# WHAT IS NEEDED:
For this exercise, return only the lines in the records below from the one holding "Nos voyages et séjours en Thaïlande" through the one holding "Fisher Price V", including both, exactly as they appear and without pictures.
BEGIN EXTRACTED RECORDS
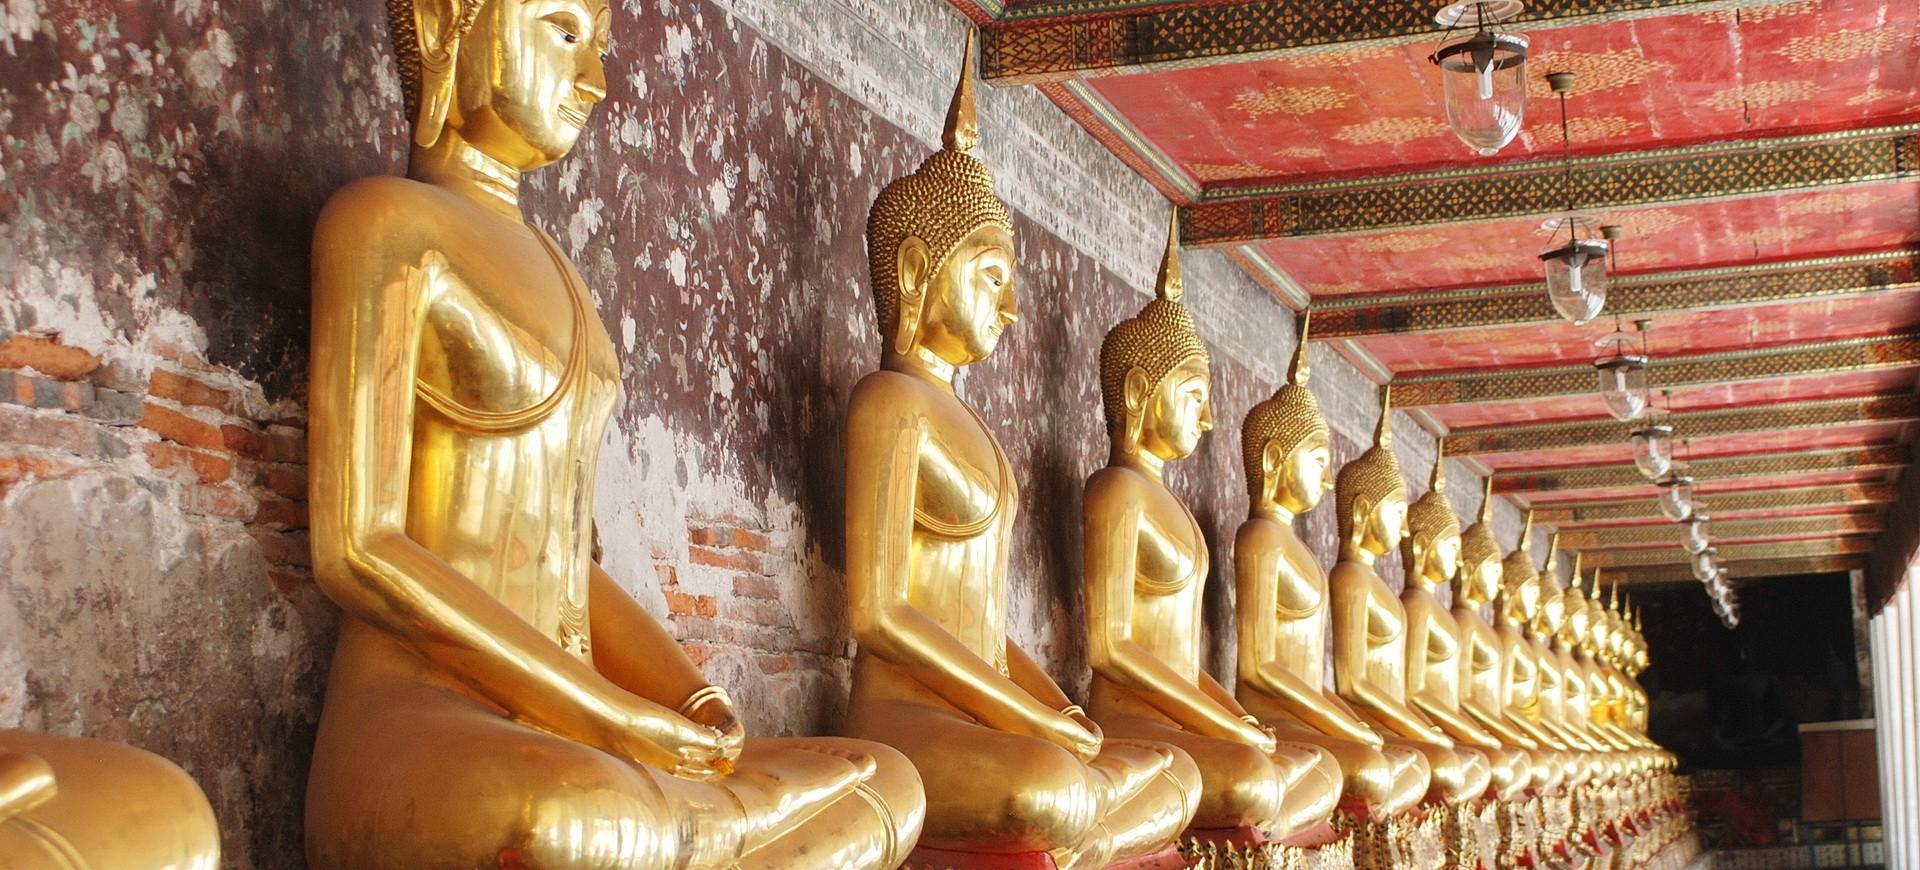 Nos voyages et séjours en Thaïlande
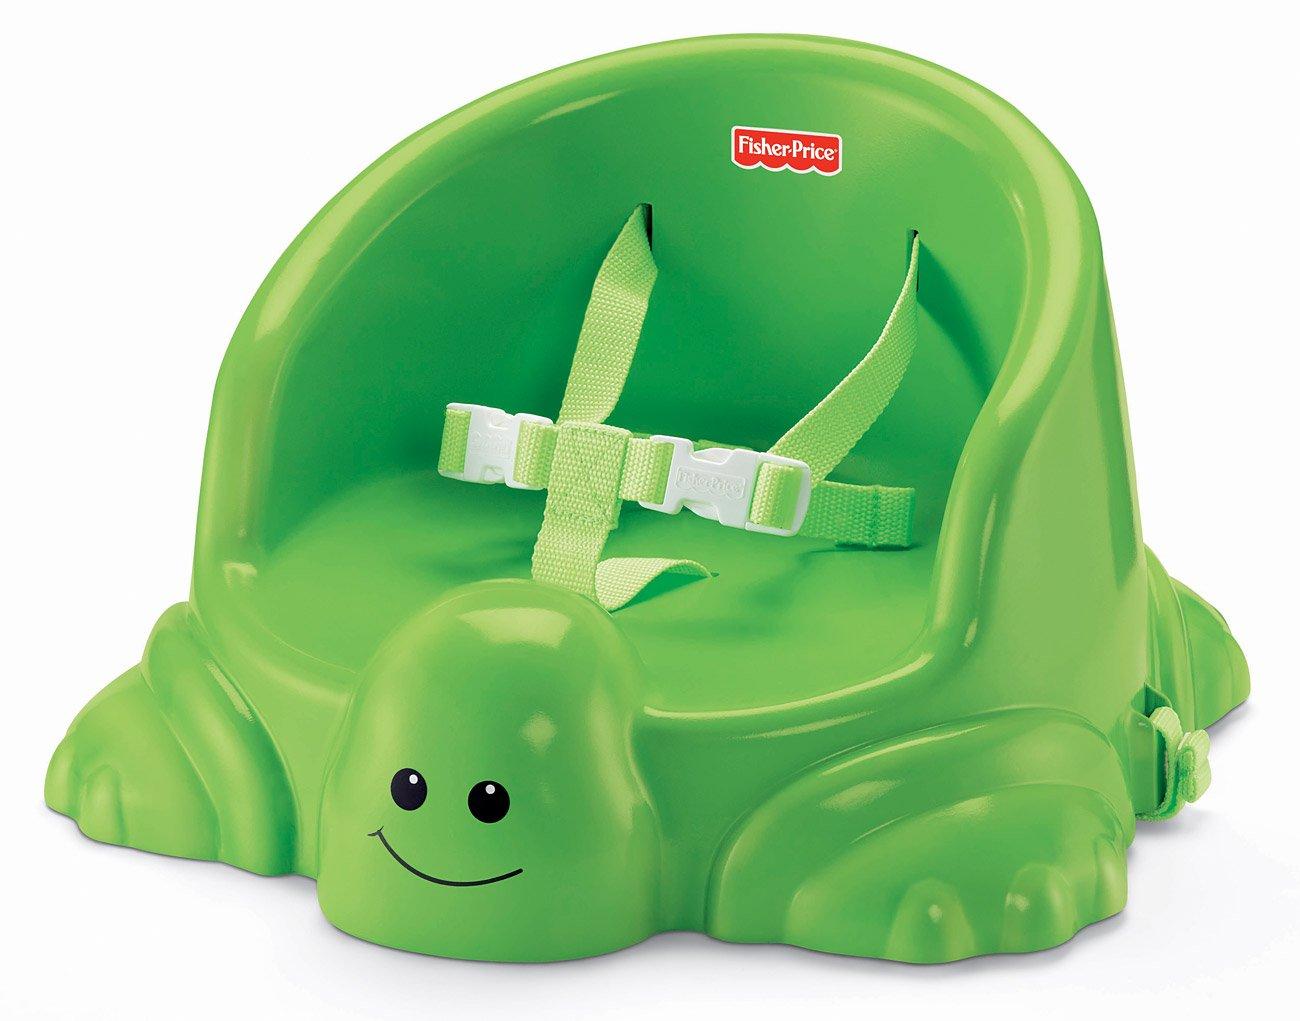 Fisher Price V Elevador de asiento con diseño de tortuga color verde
END EXTRACTED RECORDS
BEGIN EXTRACTED RECORDS
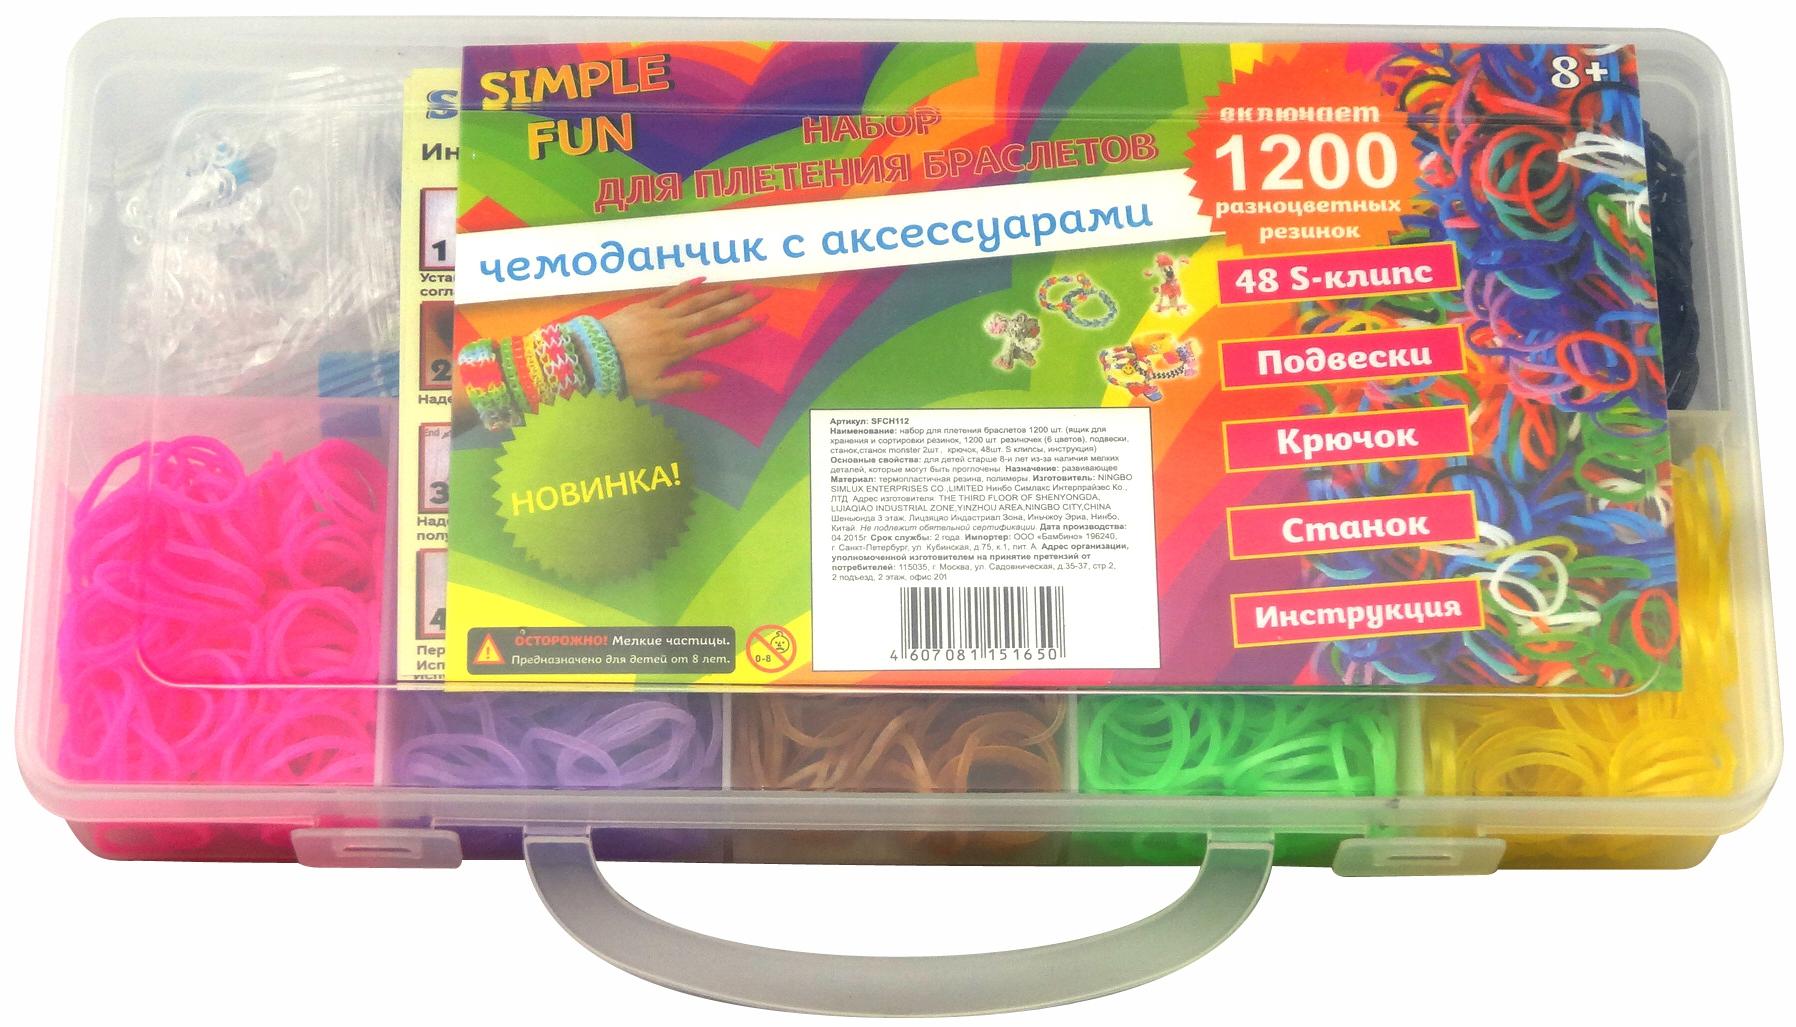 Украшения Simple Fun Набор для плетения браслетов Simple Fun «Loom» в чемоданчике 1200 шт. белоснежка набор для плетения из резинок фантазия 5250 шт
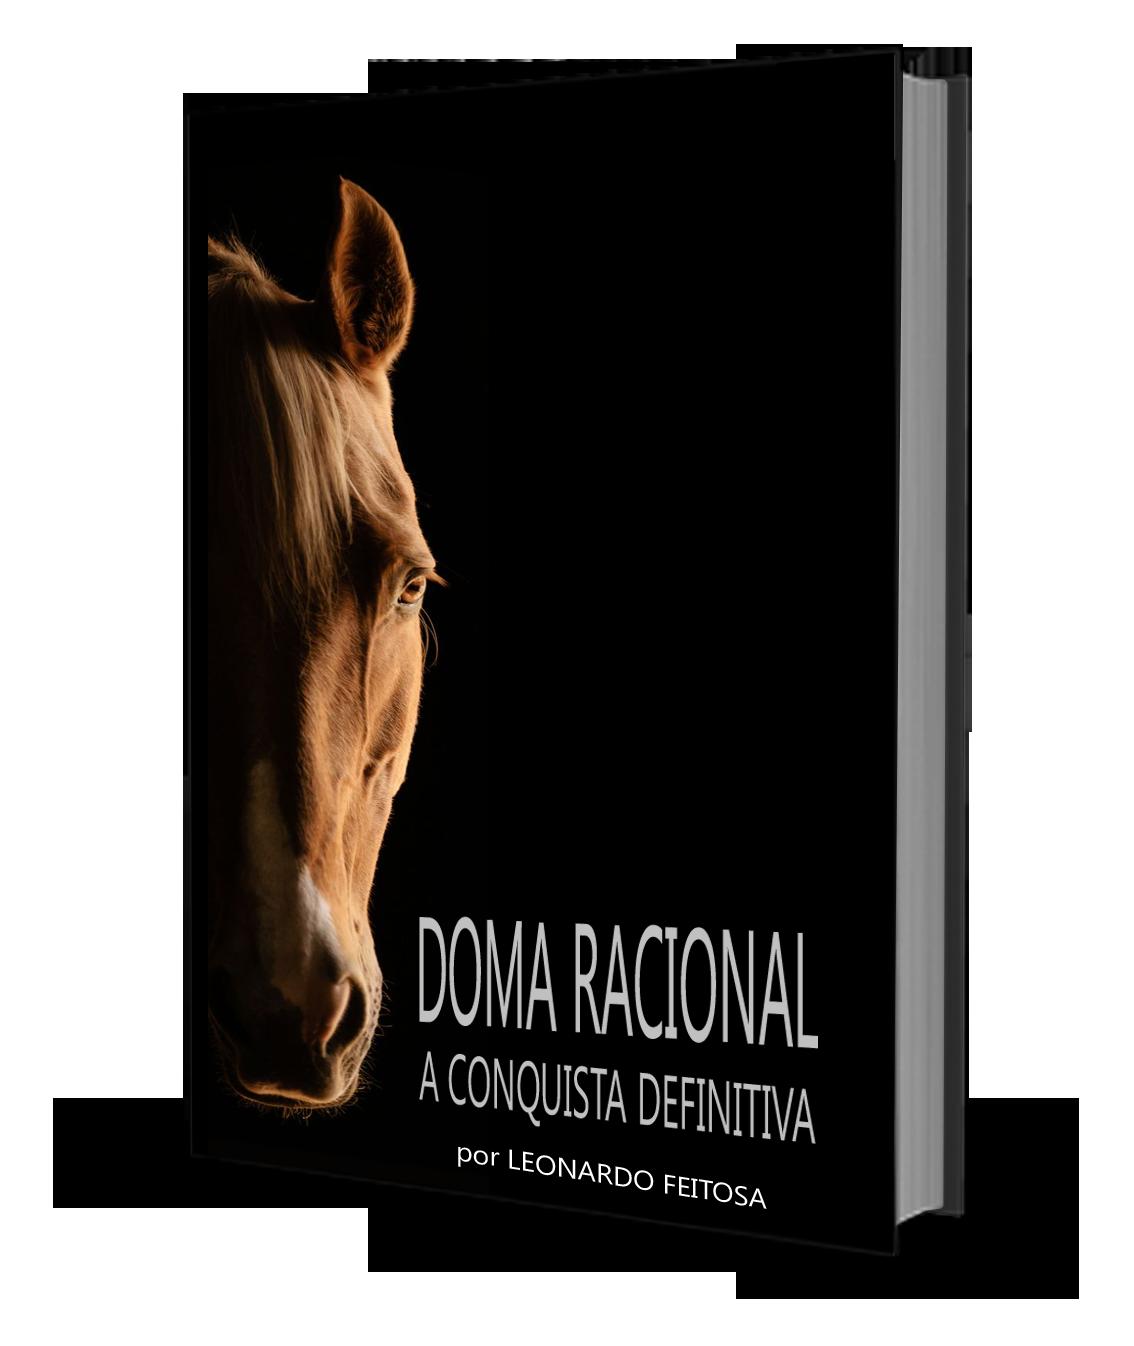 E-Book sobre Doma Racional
END EXTRACTED RECORDS
# ANSWER BOX:
 Nos voyages et séjours en Thaïlande
 Fisher Price V Elevador de asiento con diseño de tortuga color verde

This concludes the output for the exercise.